Friday, February 27, 2009


Bankruptcy Provision Stalled

The House delayed a vote on legislation to allow bankruptcy judges to modify the mortgages of troubled homeowners after the measure faced unexpected opposition from some Democrats.

Under the provision, a bankruptcy judge would be able to cut the principal on a homeowner's mortgage, lower the interest rate and extend the terms, provisions known as "cramdowns."

The measure is fiercely opposed by Republicans and the financial services industry. They complain that it would drive up their losses and force mortgage rate increases. But the latest questions came from moderate Democrats who say that modifications should be negotiated between lenders and borrowers rather than imposed in bankruptcy court, congressional aides said.

A vote could be rescheduled for next week.


Decision on F-22s Postponed

The Pentagon said that it won't decide for at least another month whether to buy more of Lockheed Martin's F-22 fighter jets, leaving it unclear whether the production lines in Georgia and Texas will remain open long term.

The Obama administration was expected to decide by March 1 if it was going to buy more of the fighter jets beyond the 183 it already has under contract. But Pentagon officials said that decision will not be made final until the fiscal 2010 defense budget is released to Congress in mid-April.

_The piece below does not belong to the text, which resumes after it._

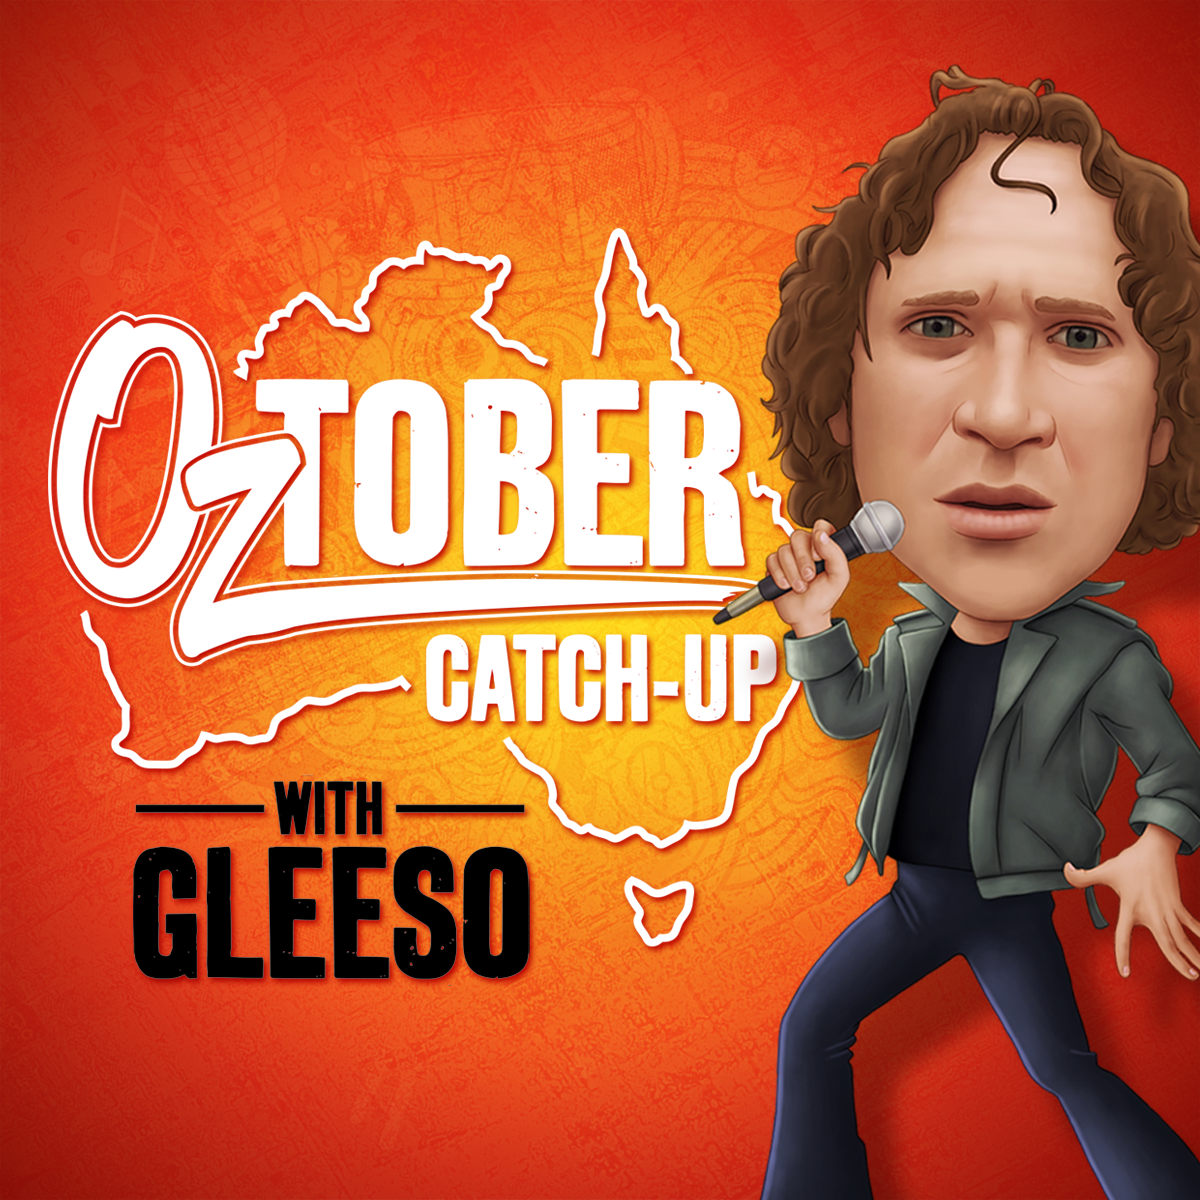 Oztober Catch-Up with Gleeso - Brian Canham from Psuedo Echo

Defense Secretary Robert Gates and Air Force officials have disagreed on whether more planes are needed. Lockheed Martin has been lobbying congressional leaders not to cut the program, which it says creates about 25,000 jobs in Marietta, Ga.


Yahoo Finance Chief Is Leaving

Yahoo's chief financial officer is leaving the troubled Internet pioneer in a management shake-up that signals the company's new chief executive is preparing to roll out her turnaround strategy. Blake Jorgensen, who had been Yahoo's finance chief since June 2007, will relinquish his duties as soon as his replacement is found, the company said.

Yahoo's other management changes in the overhaul weren't immediately disclosed, but new chief executive Carol Bartz promised the new pecking order would speed decision-making in the company and make it easier to fulfill her vision.

Jorgensen was a close ally with former Yahoo president Susan Decker, who resigned last month after she didn't get the chief executive job.


Subpoenas Issued Over Bonuses

The New York attorney general's office has subpoenaed Bank of America seeking the names of Merrill Lynch executives who received $3.6 billion in year-end bonuses, after chief executive Ken Lewis failed to provide those details during a lengthy deposition last night.

Lewis, who traveled to New York on the company's corporate jet, said that he "answered the questions that were asked to the best of my knowledge."

Lewis' deposition was part of an ongoing investigation by New York Attorney General Andrew Cuomo into the timing of Merrill Lynch's bonuses and whether proper disclosure was made to shareholders about the size of the bonuses.

The bonuses were granted just before Bank of America's acquisition of Merrill closed, and as that bank was seeking additional government aid on top of $25 billion it had already received.


Sears Holdings said its fourth-quarter profit dropped by more than half as charges for store closings, valuation declines and severance dragged down results. The owner of Kmart and Sears earned $190 million in the period ended Jan. 31, down from $426 million a year earlier. Revenue declined 12 percent, to $13.28 billion. Sears' domestic same-store sales dropped 11 percent, and Kmart's slipped 5 percent.

For the full year, the company earned $53 million, down from $826 million. Revenue fell 8 percent, to $46.77 billion.

Limited Brands said its fourth-quarter profit plunged 96 percent, to $16.1 million from $388.6 million in the comparable period a year earlier. Revenue fell nearly 9 percent, to $2.99 billion. For the full year, the earnings fell 69 percent, to $220 million from $718 million in 2007. Revenue fell 11 percent, to $9.04 billion.

The owner of Victoria's Secret and Bath and Body Works said it expects to lose money in the current quarter and is cutting expenses and jobs.

Dell said its fourth-quarter profit dove 48 percent, to $351 million from $679 million in the comparable period a year earlier, as the recession induced consumers and businesses to spend less on technology. Sales dropped 16 percent, to $13.4 billion, missing Wall Street's expectations.

The computer maker also said it expects to make further cuts to its workforce but did not provide details on the timing or extent of those cuts.

Safeway said that cost-cutting and an extra week in the quarter helped its profit grow 12 percent in the fourth quarter, to $338 million from $301.1 million in the comparable period a year earlier. The supermarket operator's revenue rose 3 percent, to $13.82 billion. For the year, earnings rose 9 percent, to $965.3 million from $888.4 million, while revenue increased 4 percent, to $44.1 billion.

Compiled from reports by Washington Post staff writers, the Associated Press and Bloomberg News.